All those carries came on early downs, and his 1.8 yards-per-carry number set up Houston to literally face third-and-11 all day long - an aberration not seen around here in 17 seasons.
“We tried to work different schemes, and really nothing worked,” said coach Bill O’Brien, who gets points for honesty - points Houston fans would gladly trade for, you know, actual points. “We weren’t able to get to the edge, and we weren’t able to really get up inside too much. ...
"We have to figure out how to get our running game going.”
O'Brien should also be charged, though, with figuring out how to get the passing game going even more than it was Sunday (Deshaun Watson was 19-of-27 passes for 264 yards and two touchdowns to Randall Cobb and Will Fuller) ... by using David Johnson there, too.

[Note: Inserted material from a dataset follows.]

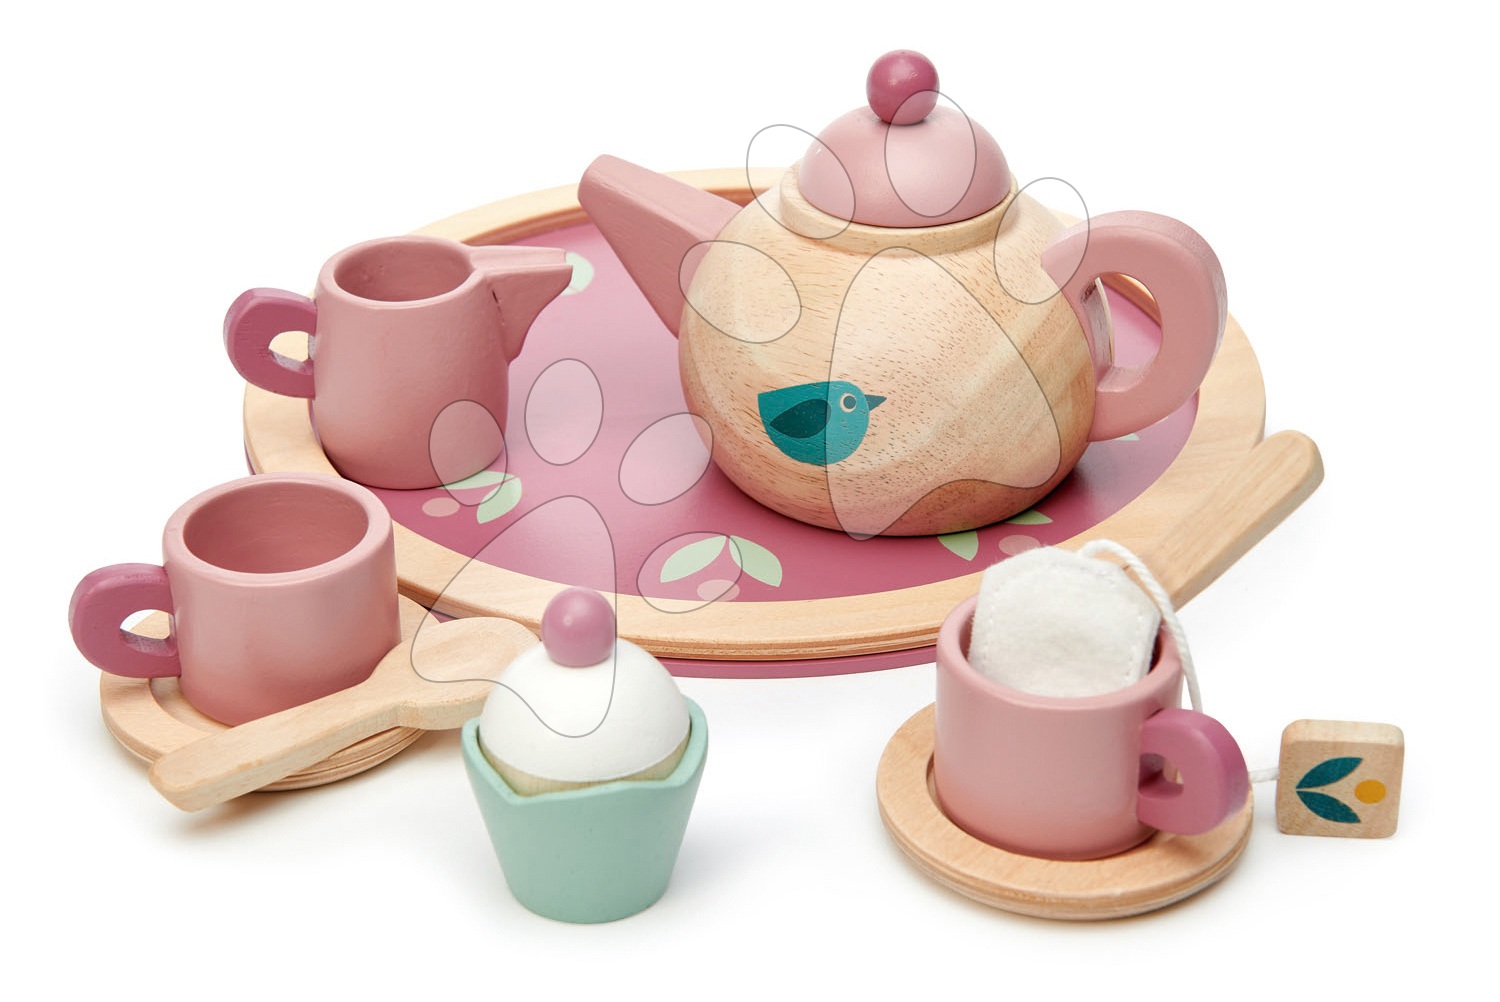 Fa teáskészlet Birdie Tea set Tender Leaf Toys tálcán csészékkel és teafilterrel

Meanwhile, the other piece in the Hopkins trade, the second-round pick that became TCU defensive tackle Ross Blacklock, wasn't allowed to participate Sunday as punishment for him throwing a punch and earning an ejection in a Week 2 loss at Baltimore.
There is nothing wrong with O'Brien running a tight ship, and nothing wrong with the leadership exhibited by J.J. Watt in calling out Blacklock for his "selfish, stupid'' mistake. Indeed, maybe Blacklock will grow from the punishment and in his career, this loss will appear to be a blip on the radar.
But right now? Hopkins is thriving for 3-0 Arizona and the Texans just fell to 0-3 thanks to a game in which the Hopkins "gets'' were underused ... and not used at all.